*GOAL OF THE EXERCISE*
Starting with the line that contains "Bestuiver calorie Motivatie" and stopping after the line that contains "MUNDORF MRESIST CLASSIC Resistor 10W 1 Ohm", copy the entries below exactly. Include nothing else.

+++

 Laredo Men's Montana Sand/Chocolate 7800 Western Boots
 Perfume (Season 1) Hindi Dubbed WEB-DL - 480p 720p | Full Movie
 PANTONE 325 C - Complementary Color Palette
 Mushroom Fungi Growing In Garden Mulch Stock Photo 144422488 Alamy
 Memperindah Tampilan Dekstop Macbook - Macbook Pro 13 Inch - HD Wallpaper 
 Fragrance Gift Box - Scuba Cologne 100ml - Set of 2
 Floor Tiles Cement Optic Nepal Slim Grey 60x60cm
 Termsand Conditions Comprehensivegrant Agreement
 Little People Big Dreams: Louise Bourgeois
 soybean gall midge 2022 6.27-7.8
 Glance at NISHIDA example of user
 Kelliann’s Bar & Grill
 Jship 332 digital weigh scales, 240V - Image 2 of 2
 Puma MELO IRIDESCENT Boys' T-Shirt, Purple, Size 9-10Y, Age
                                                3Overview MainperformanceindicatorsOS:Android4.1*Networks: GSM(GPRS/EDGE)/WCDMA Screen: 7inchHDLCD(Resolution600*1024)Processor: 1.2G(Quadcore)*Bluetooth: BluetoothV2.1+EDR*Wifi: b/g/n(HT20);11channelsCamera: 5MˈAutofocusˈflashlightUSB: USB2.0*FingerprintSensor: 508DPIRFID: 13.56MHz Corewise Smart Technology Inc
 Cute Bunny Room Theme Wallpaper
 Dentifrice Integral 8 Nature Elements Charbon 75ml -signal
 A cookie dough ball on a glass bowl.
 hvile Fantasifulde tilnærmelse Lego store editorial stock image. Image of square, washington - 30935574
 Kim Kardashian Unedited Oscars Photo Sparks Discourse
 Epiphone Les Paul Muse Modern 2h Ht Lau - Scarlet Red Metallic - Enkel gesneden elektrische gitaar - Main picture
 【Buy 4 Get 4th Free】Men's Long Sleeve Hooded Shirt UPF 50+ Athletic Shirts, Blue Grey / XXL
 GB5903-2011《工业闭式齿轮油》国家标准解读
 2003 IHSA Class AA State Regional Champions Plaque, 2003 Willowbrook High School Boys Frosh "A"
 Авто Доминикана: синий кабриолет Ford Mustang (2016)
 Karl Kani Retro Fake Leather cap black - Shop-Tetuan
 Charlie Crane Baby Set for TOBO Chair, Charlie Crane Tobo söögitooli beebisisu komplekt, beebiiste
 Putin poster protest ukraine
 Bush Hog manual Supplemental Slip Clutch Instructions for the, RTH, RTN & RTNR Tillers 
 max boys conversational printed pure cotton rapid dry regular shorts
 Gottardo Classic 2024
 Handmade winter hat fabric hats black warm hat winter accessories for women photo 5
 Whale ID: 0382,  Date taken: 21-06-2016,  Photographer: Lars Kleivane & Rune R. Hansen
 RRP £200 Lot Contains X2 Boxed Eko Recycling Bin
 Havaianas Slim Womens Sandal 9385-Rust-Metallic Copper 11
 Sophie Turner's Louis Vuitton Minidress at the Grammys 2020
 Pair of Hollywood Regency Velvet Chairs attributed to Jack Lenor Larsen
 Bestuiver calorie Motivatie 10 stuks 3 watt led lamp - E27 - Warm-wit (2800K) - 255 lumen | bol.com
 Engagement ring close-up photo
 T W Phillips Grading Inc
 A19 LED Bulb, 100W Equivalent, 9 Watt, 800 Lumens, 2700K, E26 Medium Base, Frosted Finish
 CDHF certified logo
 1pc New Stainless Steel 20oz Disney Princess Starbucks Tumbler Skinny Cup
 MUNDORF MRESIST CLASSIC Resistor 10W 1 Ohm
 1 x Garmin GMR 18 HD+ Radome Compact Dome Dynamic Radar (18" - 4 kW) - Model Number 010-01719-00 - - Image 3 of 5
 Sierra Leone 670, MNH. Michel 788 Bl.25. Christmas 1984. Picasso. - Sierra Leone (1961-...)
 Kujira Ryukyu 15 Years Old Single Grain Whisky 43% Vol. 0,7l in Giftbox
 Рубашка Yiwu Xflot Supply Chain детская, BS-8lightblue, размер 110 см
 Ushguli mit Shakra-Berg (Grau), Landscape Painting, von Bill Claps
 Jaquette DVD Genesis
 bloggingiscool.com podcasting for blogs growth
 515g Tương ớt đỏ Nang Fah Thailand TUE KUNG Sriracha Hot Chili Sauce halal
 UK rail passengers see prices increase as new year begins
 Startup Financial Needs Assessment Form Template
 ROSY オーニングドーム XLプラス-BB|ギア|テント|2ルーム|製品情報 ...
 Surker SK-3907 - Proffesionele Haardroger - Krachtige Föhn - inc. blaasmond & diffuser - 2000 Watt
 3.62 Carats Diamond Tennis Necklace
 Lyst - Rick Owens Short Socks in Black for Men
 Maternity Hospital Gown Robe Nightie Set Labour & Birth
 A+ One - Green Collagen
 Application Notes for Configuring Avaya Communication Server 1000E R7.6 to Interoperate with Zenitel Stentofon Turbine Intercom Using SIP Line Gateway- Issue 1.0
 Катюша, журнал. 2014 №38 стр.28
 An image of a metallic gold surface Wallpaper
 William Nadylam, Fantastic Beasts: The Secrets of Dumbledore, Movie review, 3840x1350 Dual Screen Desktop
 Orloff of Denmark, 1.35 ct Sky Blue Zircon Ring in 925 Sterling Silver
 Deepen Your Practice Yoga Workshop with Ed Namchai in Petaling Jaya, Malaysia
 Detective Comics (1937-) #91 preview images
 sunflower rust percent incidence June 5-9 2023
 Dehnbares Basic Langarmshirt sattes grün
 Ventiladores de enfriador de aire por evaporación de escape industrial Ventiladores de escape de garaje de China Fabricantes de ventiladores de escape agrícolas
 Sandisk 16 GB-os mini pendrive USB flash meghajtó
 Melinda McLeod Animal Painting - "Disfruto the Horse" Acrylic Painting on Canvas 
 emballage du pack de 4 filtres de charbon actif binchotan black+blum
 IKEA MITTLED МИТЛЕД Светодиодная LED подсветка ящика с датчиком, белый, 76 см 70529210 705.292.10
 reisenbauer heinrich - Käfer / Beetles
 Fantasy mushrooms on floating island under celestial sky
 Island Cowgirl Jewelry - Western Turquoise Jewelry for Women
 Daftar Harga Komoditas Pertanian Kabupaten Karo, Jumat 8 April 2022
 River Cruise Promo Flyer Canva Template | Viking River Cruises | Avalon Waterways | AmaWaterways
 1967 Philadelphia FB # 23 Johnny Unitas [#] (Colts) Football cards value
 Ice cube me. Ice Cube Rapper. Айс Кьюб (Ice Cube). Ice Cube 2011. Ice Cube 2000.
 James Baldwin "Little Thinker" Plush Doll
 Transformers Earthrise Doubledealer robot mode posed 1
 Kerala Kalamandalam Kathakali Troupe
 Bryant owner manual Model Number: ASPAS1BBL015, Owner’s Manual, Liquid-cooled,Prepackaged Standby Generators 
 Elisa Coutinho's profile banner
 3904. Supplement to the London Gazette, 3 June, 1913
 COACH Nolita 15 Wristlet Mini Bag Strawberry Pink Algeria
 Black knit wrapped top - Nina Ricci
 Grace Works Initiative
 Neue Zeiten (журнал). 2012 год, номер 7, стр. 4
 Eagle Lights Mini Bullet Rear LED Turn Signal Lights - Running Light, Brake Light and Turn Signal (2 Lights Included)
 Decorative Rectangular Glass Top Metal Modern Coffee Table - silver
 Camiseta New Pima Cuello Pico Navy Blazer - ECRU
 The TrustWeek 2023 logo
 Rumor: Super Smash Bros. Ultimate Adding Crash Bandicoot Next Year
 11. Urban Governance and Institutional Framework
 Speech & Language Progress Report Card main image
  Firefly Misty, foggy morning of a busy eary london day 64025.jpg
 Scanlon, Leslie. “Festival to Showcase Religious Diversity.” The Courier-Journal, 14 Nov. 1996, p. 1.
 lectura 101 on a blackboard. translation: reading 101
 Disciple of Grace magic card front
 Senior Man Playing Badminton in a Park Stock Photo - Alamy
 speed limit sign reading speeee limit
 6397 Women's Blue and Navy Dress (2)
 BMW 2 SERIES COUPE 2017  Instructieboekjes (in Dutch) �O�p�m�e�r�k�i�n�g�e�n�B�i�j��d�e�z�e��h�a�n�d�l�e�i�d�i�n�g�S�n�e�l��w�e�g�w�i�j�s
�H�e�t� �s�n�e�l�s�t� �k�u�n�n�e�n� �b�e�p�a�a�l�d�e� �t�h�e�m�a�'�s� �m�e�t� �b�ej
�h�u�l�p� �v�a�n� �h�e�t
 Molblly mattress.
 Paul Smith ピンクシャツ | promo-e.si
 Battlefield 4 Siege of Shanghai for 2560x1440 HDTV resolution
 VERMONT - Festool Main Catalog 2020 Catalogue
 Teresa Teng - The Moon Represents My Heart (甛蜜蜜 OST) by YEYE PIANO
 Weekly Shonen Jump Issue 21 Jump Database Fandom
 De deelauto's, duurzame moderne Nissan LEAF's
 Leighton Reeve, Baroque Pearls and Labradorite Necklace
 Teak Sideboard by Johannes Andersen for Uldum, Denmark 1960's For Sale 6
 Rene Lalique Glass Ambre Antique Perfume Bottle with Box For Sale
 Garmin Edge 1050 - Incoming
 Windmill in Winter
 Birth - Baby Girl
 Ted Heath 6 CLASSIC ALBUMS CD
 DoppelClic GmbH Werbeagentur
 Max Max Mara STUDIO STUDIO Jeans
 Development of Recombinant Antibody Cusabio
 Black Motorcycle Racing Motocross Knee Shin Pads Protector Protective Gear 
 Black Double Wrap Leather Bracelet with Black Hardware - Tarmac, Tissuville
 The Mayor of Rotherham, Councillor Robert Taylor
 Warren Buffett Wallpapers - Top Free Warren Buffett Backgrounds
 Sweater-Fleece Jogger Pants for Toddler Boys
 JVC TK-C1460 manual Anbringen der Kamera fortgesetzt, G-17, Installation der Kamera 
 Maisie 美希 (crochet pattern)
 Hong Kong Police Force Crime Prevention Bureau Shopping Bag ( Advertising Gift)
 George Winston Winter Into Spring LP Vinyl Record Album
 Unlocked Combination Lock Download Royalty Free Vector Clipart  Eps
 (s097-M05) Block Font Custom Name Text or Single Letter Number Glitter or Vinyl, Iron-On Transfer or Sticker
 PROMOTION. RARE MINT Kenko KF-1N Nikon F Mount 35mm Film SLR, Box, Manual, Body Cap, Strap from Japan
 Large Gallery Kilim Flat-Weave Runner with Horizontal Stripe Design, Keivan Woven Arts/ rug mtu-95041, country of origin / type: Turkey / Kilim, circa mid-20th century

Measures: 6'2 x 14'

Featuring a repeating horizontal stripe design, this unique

+++

*EXERCISE ANSWER*
 Bestuiver calorie Motivatie 10 stuks 3 watt led lamp - E27 - Warm-wit (2800K) - 255 lumen | bol.com
 Engagement ring close-up photo
 T W Phillips Grading Inc
 A19 LED Bulb, 100W Equivalent, 9 Watt, 800 Lumens, 2700K, E26 Medium Base, Frosted Finish
 CDHF certified logo
 1pc New Stainless Steel 20oz Disney Princess Starbucks Tumbler Skinny Cup
 MUNDORF MRESIST CLASSIC Resistor 10W 1 Ohm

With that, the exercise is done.